[Data segment]
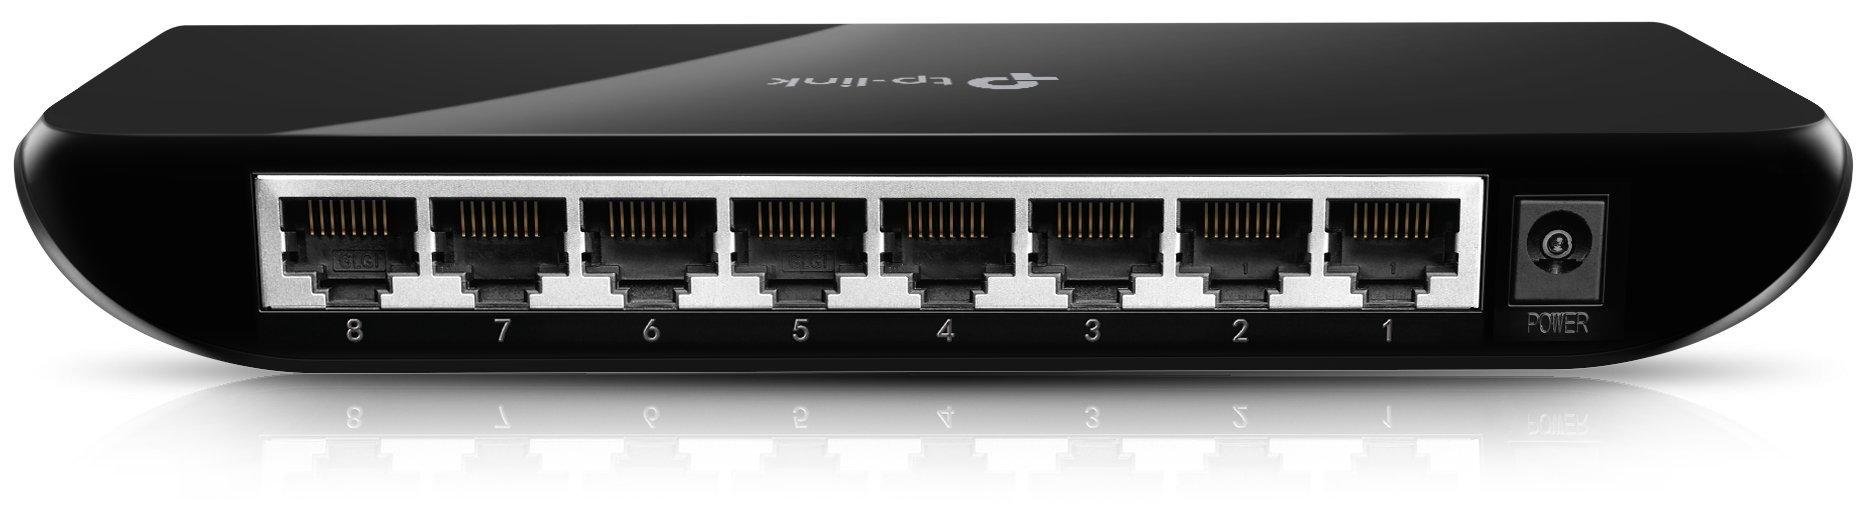 Tp Link 8 Port Gigabit Ethernet Plastic Desktop Switch Tl Sg1008d Capacity8 Modelgigabit The
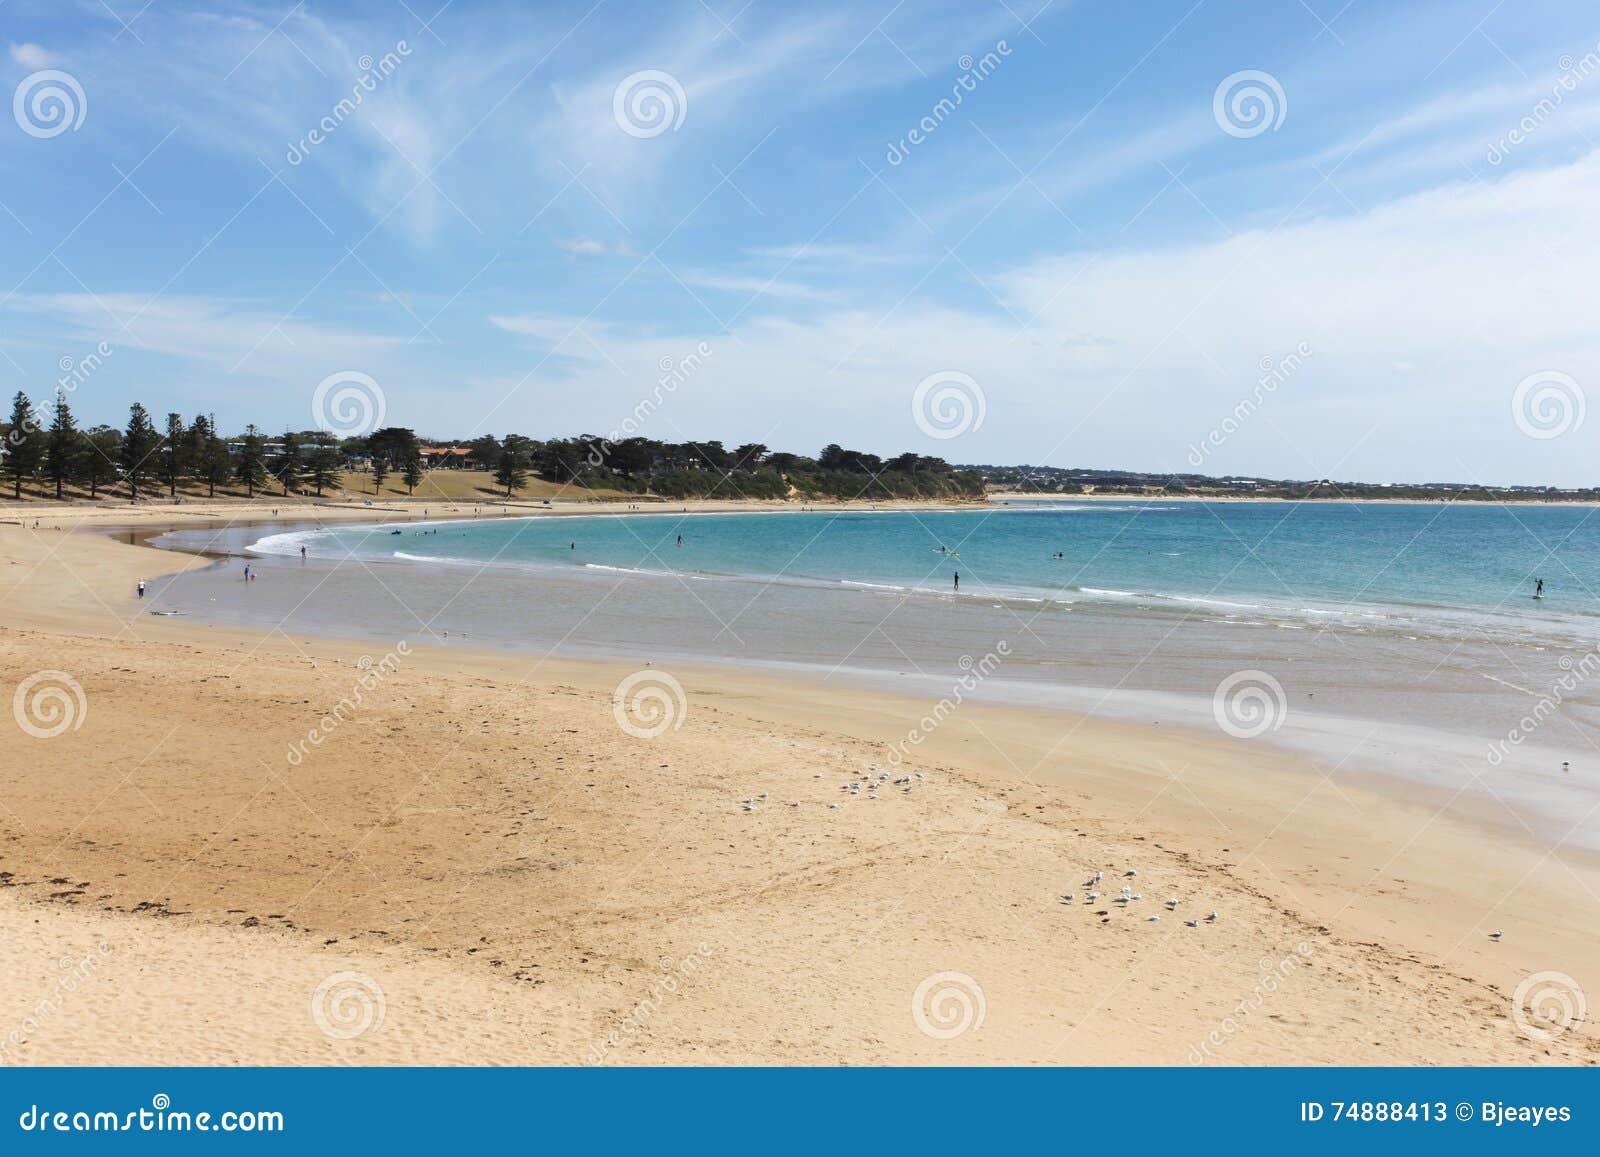 Praia principal de Torquay - Torquay Victoria Australia
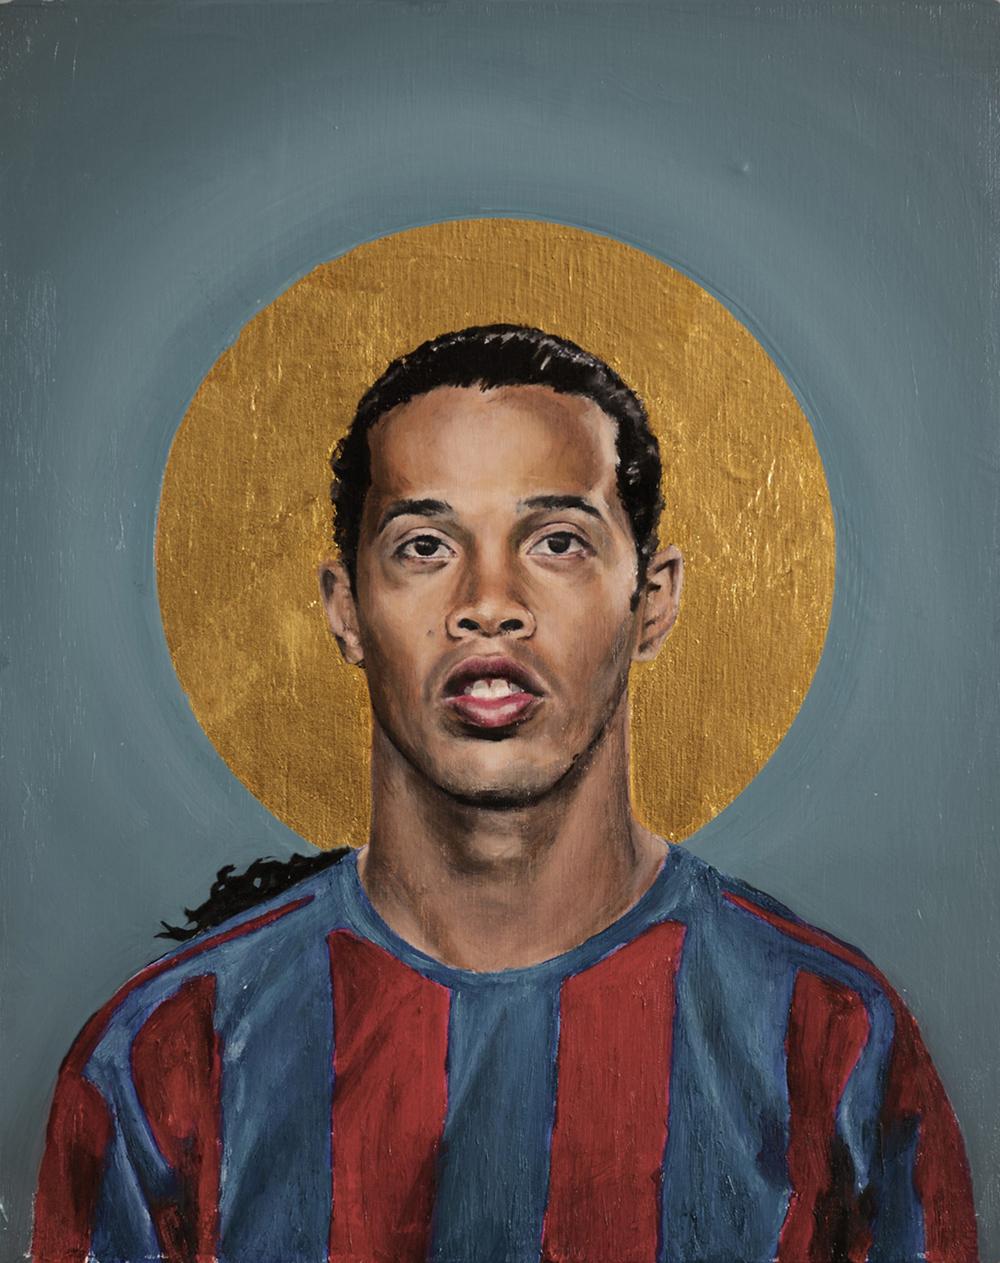 Ronaldinho_DEF2small.jpg
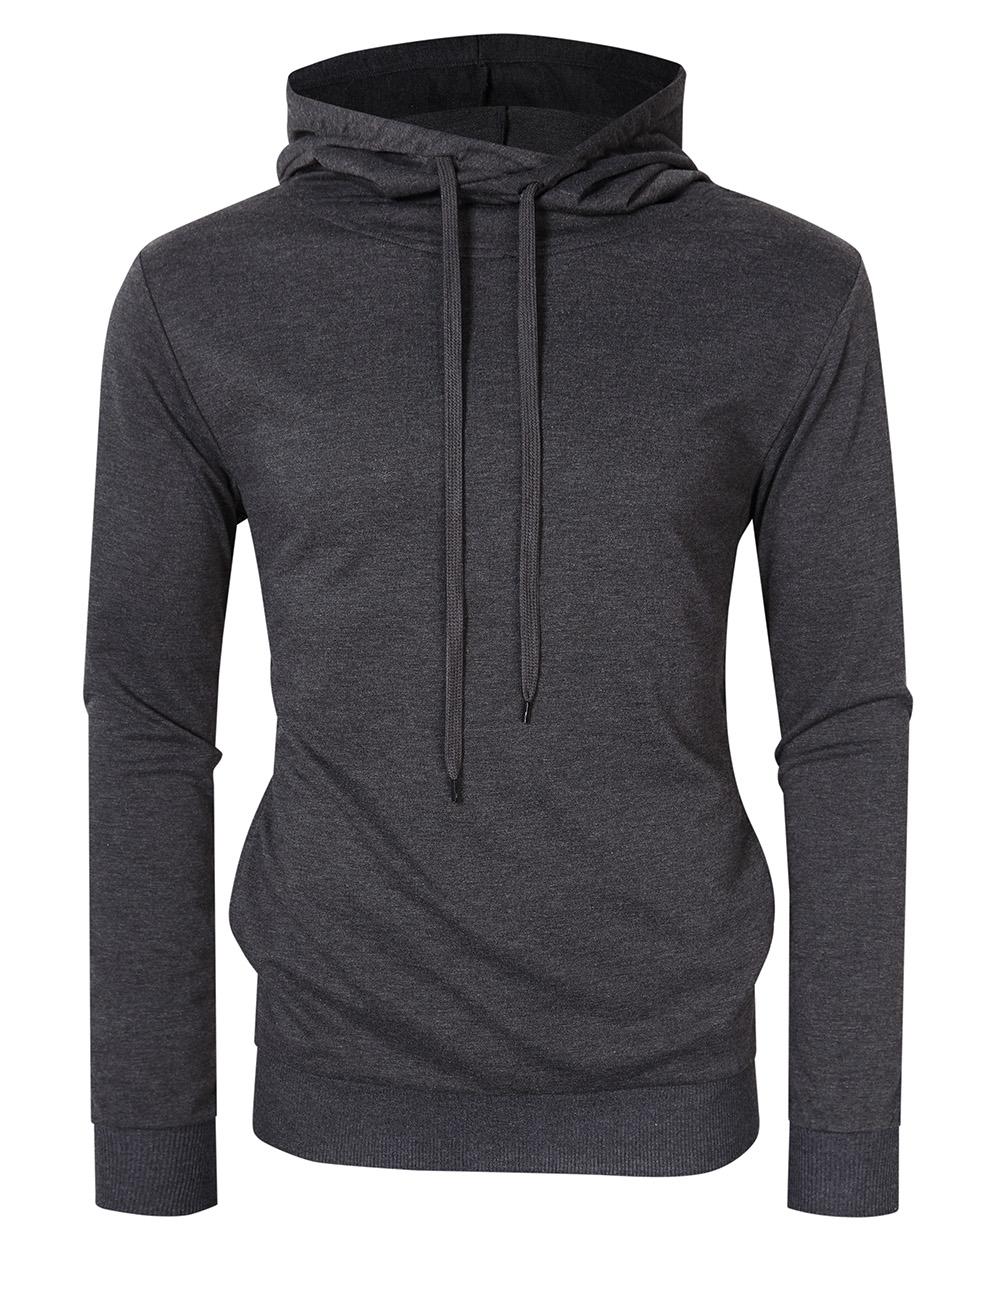 [US Direct] Yong Horse Men's Long Sleeve Pullover Hoodie Lightweight Hooded Sweatshirt Gray_2XL
[/Data segment]
What you are asked to do: The complete material, set down exactly and stripped of pictures, is the expected response.

Your solution:
 Tp Link 8 Port Gigabit Ethernet Plastic Desktop Switch Tl Sg1008d Capacity8 Modelgigabit The
 Praia principal de Torquay - Torquay Victoria Australia
 Ronaldinho_DEF2small.jpg
 [US Direct] Yong Horse Men's Long Sleeve Pullover Hoodie Lightweight Hooded Sweatshirt Gray_2XL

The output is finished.